Study-unit INTRODUCTION TO ARTIFICIAL INTELLIGENCE

Course name Informatics
Study-unit Code A000701
Curriculum Comune a tutti i curricula
Lecturer Valentina Poggioni
Lecturers
  • Valentina Poggioni
Hours
  • 47 ore - Valentina Poggioni
CFU 6
Course Regulation Coorte 2023
Supplied 2025/26
Supplied other course regulation
Learning activities Caratterizzante
Area Discipline informatiche
Sector INF/01
Type of study-unit Opzionale (Optional)
Type of learning activities Attività formativa monodisciplinare
Language of instruction Italian
Contents Introduction to artificial intelligence.Turing's Test. Agent-reasoner approach. Agent Models. State Space Search. Uninformed search. Informed Heuristic search, A*. Properties of heuristics. Algorithms for two-player games (0-sum games). Introduction to Machine Learning. Supervised learning. Classification. Model evaluation methods and measures. Training and test sets analysis and building.
Reference texts Stuart Russel, Peter Norvig, Artificial Intelligence: A Modern Approach, Global 4th Edition - Pearson - 2020
Pang-Ning Tan, M. Steinbach, A. Karpatne, V. Kumar - Introduction to data mining - Pearson - 2019
Educational objectives The student will acquire fundamental concepts of artificial intelligence systems and agents based models. Student will know main algorithm for uninformed and euristics state space search. He/she will be able to model and implement an agent based system as state space search problem, as well as algorithms for 2-players, 0-sum, games. The student will learn the main techniques and algorithms for supervised machine learning and in particular for data classification.

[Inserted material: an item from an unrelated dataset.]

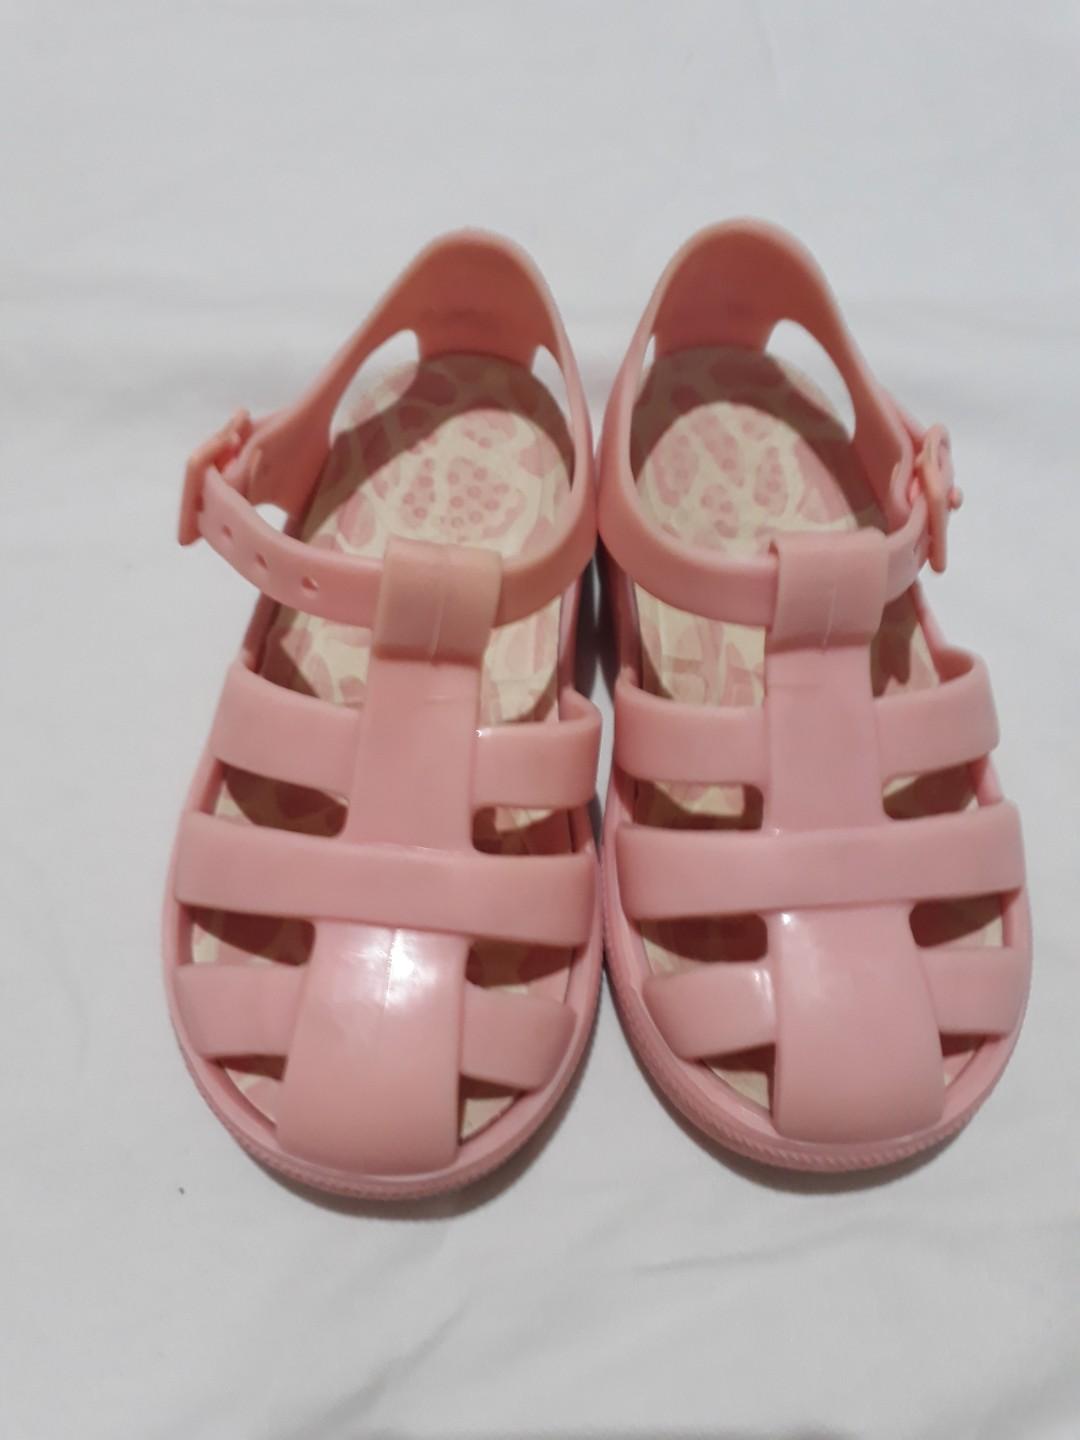 zara jelly shoes

Prerequisites Basic knowledge on Algorithms and Python programming.
Teaching methods Face to face lessons in room and laboratory.
Other information https://unistudium.unipg.it
Learning verification modality Oral exam and project development
Extended program Introduction to artificial intelligence.Turing's Test. Agent-reasoner approach/rational-human. Agent Models: reactive agent, simple agent with state, planning agent, tuility based agent. State Space Search: modelling problems. Uninformed search DFS, BFS, limited depth, uniform cost,. Informed Heuristic search, greedy, A*. Space/Time complexity of algorithms, equivalent branching factor. Properties of heuristics. Minimax algorithm and its optimized versions for 2-players, 0-sum, games. Introduction machine learning and in particular to supervised machine leraning. Classification: decision tree (attributes and algorithms); kNN classifiers; Naive Bayes classifiers; neural networks classifiers, both MLP and CNN models. Techniques and measures for model validation and evaluation. Building and analysis of training and test sets.